### [Task statement]
Your output should be exactly the lines from the one containing "Gesamtgewicht: 9,55 Gramm" through the final line of the records, both included, with every picture left out.

Data supplied Block Start

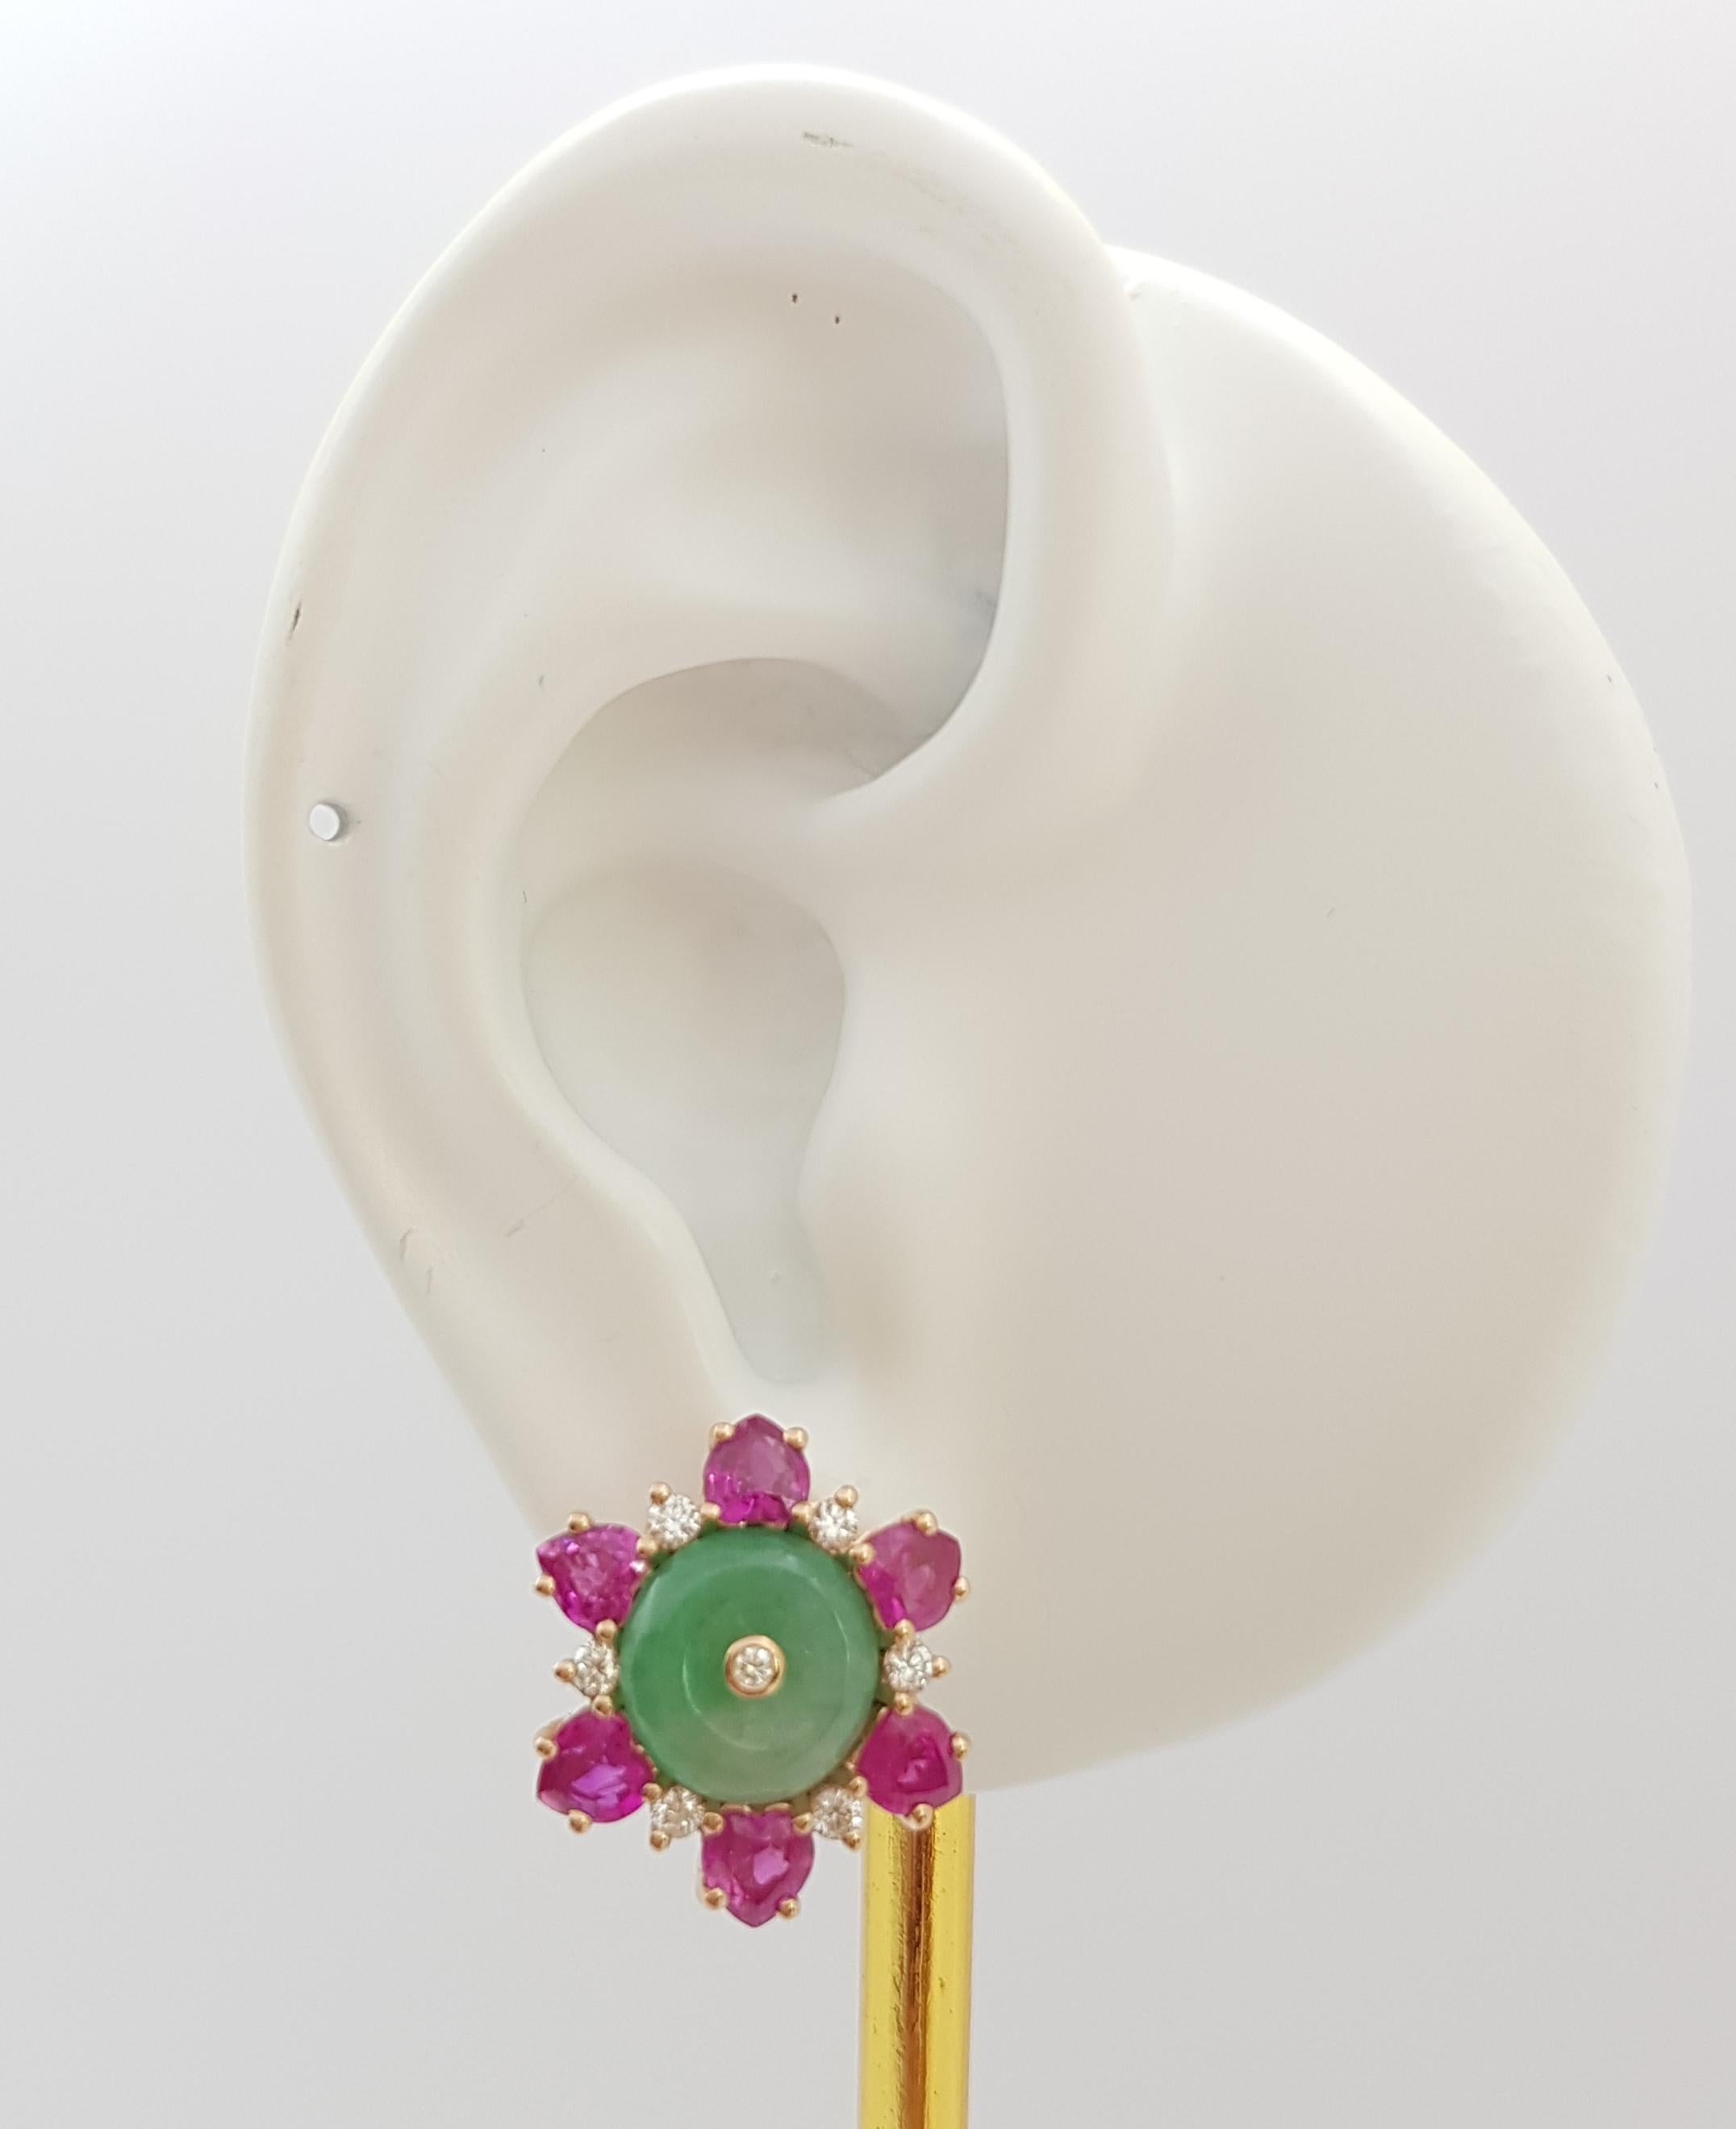 Ohrringe aus Jade, Rubin (3,30 Karat) und Diamant (0,30 Karat) in einer Fassung aus 18 Karat Roségold

Breite: 1.7 cm 
Länge: 1.7 cm
Gesamtgewicht: 9,55 Gramm

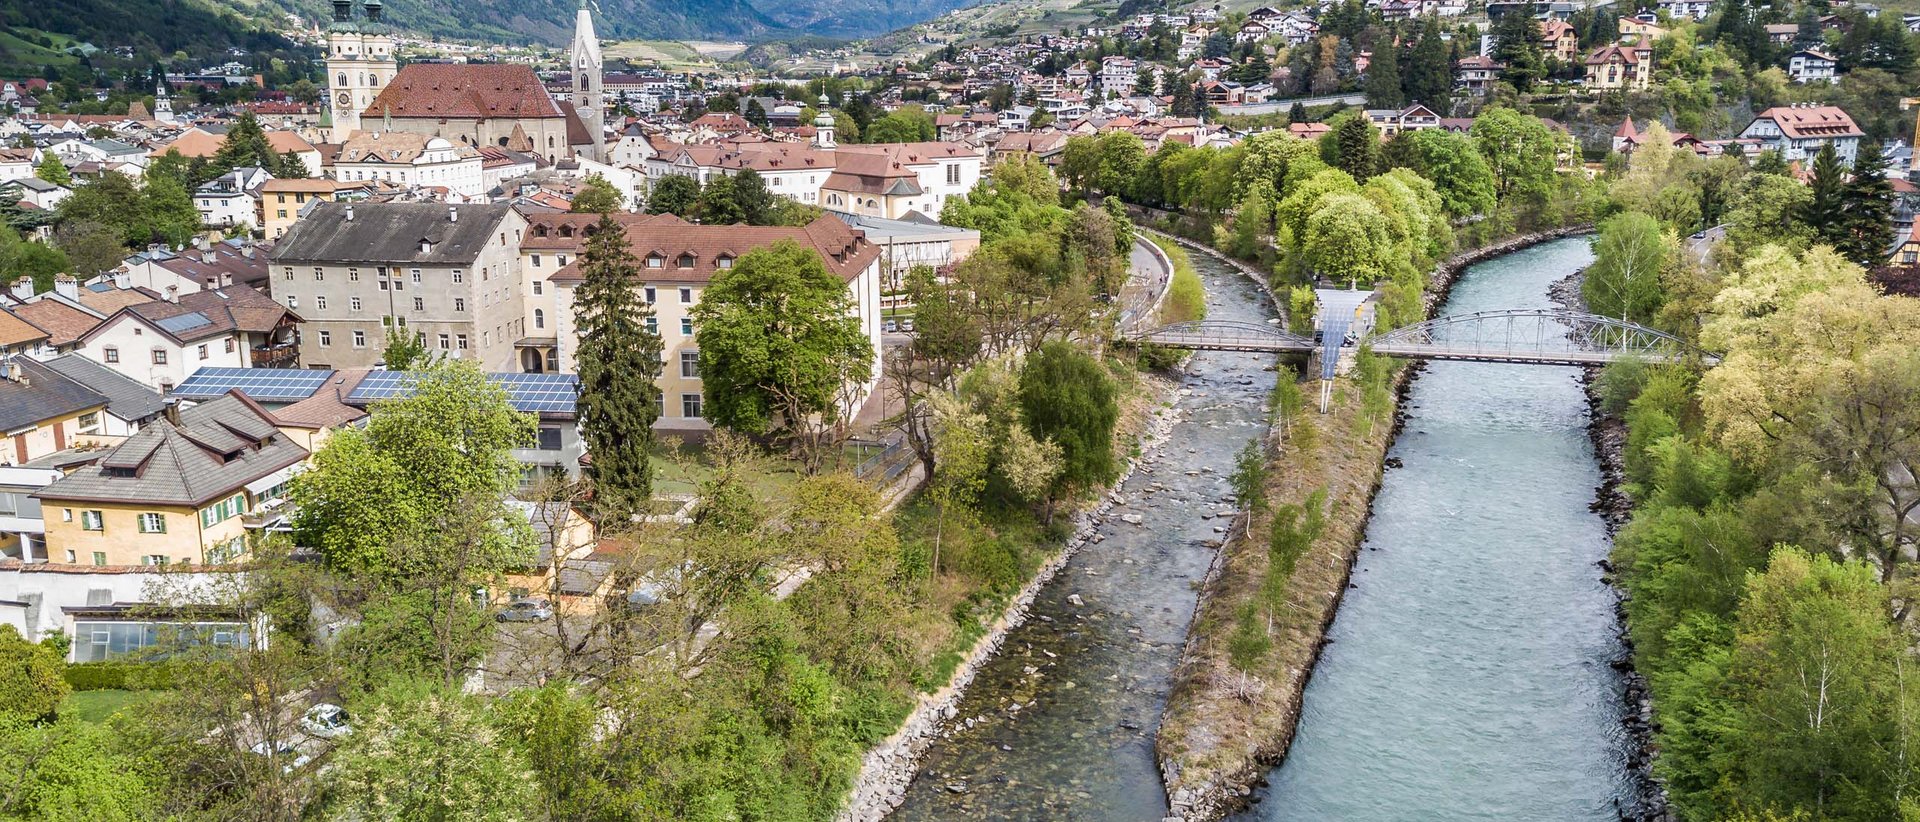 Ferien in Brixen – kennen Sie unsere Geheimtipps?

Data supplied Block End

### [Task result]
Gesamtgewicht: 9,55 Gramm

 Ferien in Brixen – kennen Sie unsere Geheimtipps?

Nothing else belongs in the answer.